Another important aspect is if your JDBC-driver is designed with concurrency in mind. Please check the db JDBC driver documentation for that. Maybe you're better of creating a connection for each thread, with or without a connection pool. But be careful with that: you might have to initialize JPype yourself before invoking JayDeBeApi and then you shouldn't supply the driver_path as you do now. Feel free to ask again if you need help on that.

Maybe I should think about enhancing JayDeBeApi to provide some kind of automatic connection pooling or specific thread support. But I don't really know what is needed. So please report about your success or failure.

Revision history for this message
Luke Miner (lminer) said :
#5

Thanks a ton for the help on this, I'll be sure to report back!

I've used JayDeBeApi with sqlalchemy's connection pool and that seems to work fine. The driver definitely supports concurrency; this project is just a port of a multithreaded Java program.

Looking through the JPype documents, I saw the following. Not sure if this might explain things:

For the most part, python threads based on OS level threads (i.e posix threads), will work without problem. The only thing to remember is to call jpype.attachThreadToJVM() in the thread body to make the JVM usable from that thread. For threads that you do not start yourself, you can call isThreadAttachedToJVM() to check.

http://jpype.sourceforge.net/doc/user-guide/userguide.html#python_threads

How would I go about initializing JPype and invoking JayDeBeApi?
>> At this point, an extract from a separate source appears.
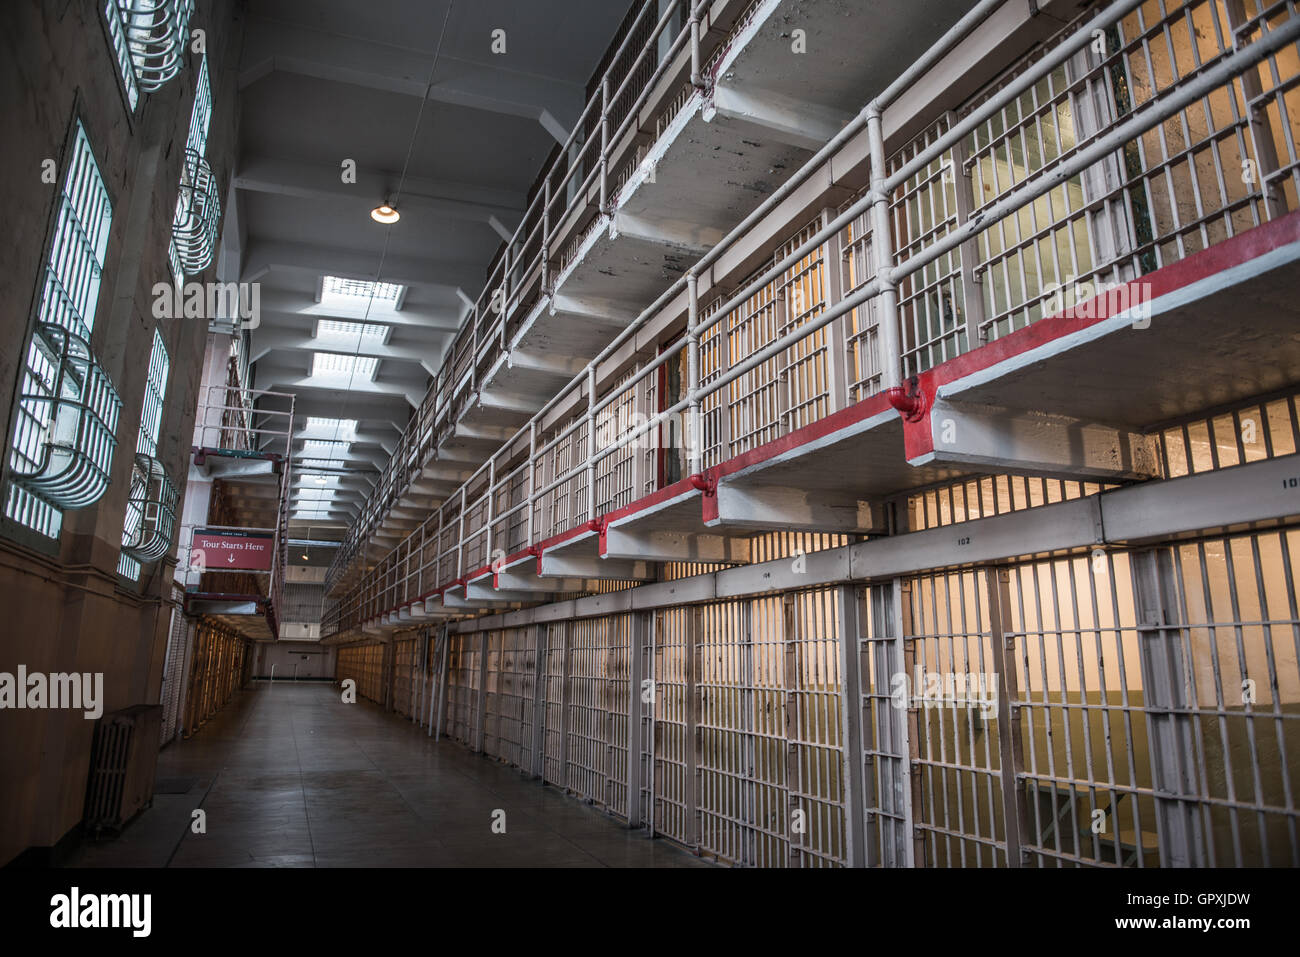 Prison Corridor inside the Alcatraz Penitentiary, with the row of rooms Stock Photo

Do I need to make this call to jpype.attachThreadToJVM() ?

Revision history for this message
Bastian (baztian) said :
#6

Thanks for pointer to the JPype threading information. With this the solution should be very simple:
import jpype
def foo(connection, sql, filename):
    try:
        if not jpype.isThreadAttachedToJVM():
            jpype.attachThreadToJVM()
        with open(filename, 'a') as f:
            ...

The rest of code the can stay unchanged. I haven't tested this.
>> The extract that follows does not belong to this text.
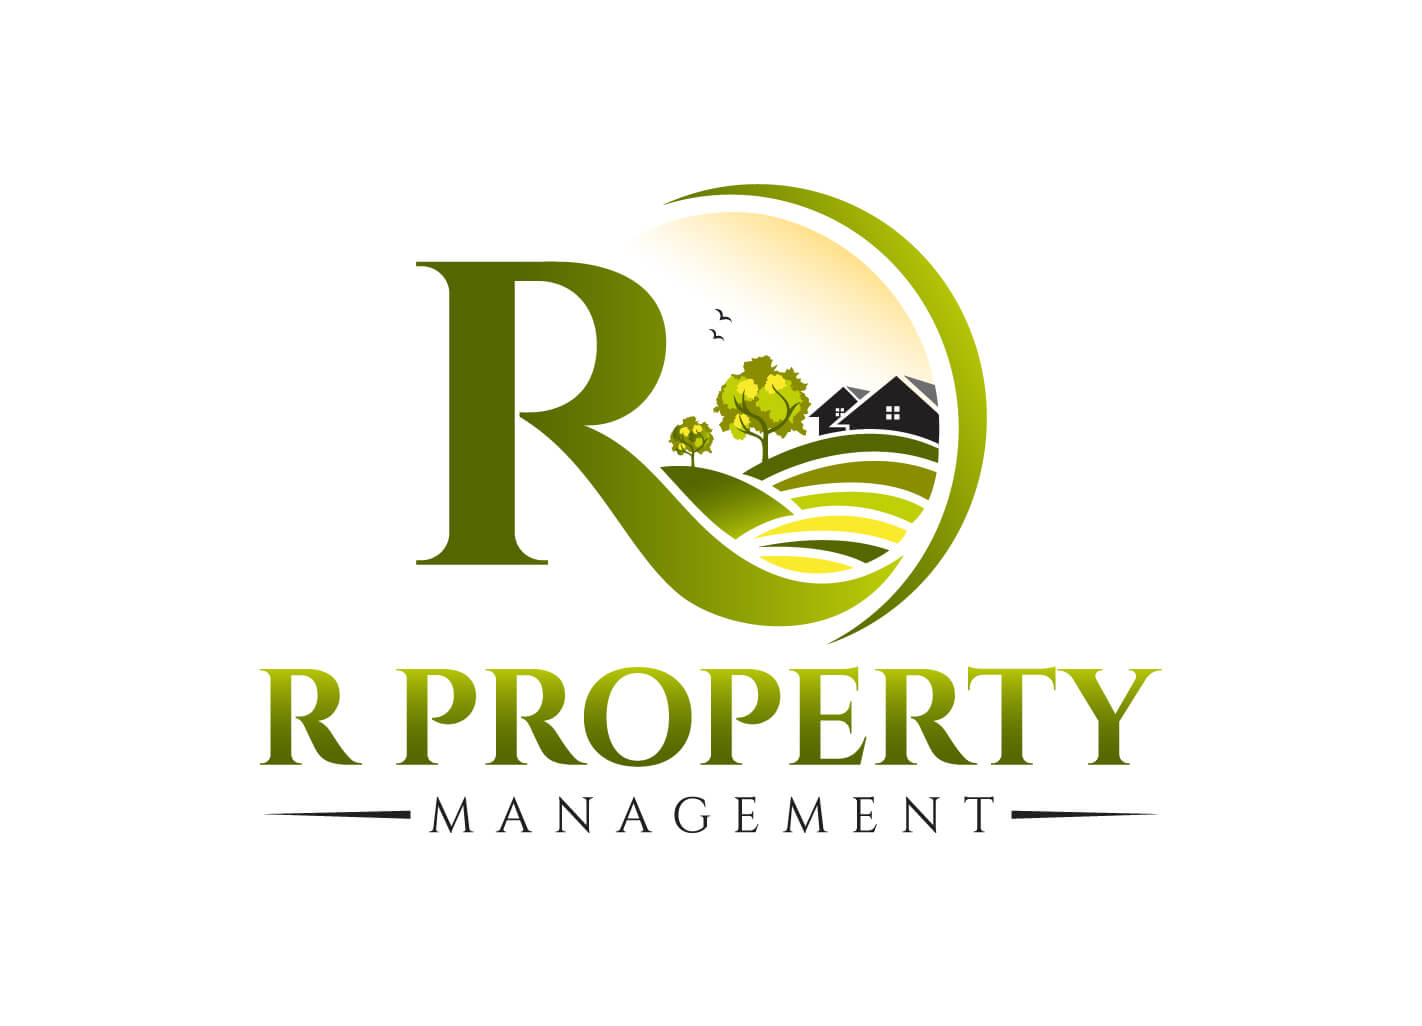 R properties. Fidu properties лого. Property Management logo. Фото дома для логотипа. Все для дома фото логотип.

I don't want to require a user of JayDeBeApi having JPype knowledge. So if this works I would favor a JayDeBeApi solution. Either an explicit method like
connection.attach_to_thread() # calls isThreadAttached() and attachThreadTo()
or implicit calls in connect(...) and/or connection.cursor() or even in every method of JayDeBeApi. Don't know if there is a performance impact.

Revision history for this message
Bastian (baztian) said :
#7

I'm curious how you are using sqlalchemy connection pool together with JayDeBeApi. Could you post some more details about that? And just for statistical information: What Database are you using?

Revision history for this message
Luke Miner (lminer) said :
#8

Your code worked perfectly at least on an individual thread! Haven't had a chance to check on multiple threads yet. Will report back.

The database that I'm using is proprietary, created and employed solely by the company I'm working for so not sure how useful it is for stats. In terms of the sqlalchemy code, I just followed the directions on their website: http://docs.sqlalchemy.org/en/rel_0_9/core/pooling.html

Here's an example:

import sqlalchemy.pool as pool
import jaydebeapi

def getconn():
    c = jaydebeapi.connect('com.location.of.driver',['127.0.0.1', username, password], '/path/to/driver/')
    return c

mypool = pool.QueuePool(getconn, max_overflow=10, pool_size=5)

# get a connection
conn = mypool.connect()

# use it
cursor = conn.cursor()
cursor.execute("select foo")

Revision history for this message
Luke Miner (lminer) said :
#9

As an update. I managed to test this with multiple threads and it went off without a hitch.

Revision history for this message
Bastian (baztian) said :
#10

Awesome, thank you!

Revision history for this message
Mart Sillence (martin-luminoussheep) said :
#11

Hi,

I'm hitting the same problem with woosh, it might be how we are connecting. I added the lines:
        if not jpype.isThreadAttachedToJVM():
            jpype.attachThreadToJVM()

to where we get the connection and all is good now, not sure if you want to consider putting this in for all calls to the API?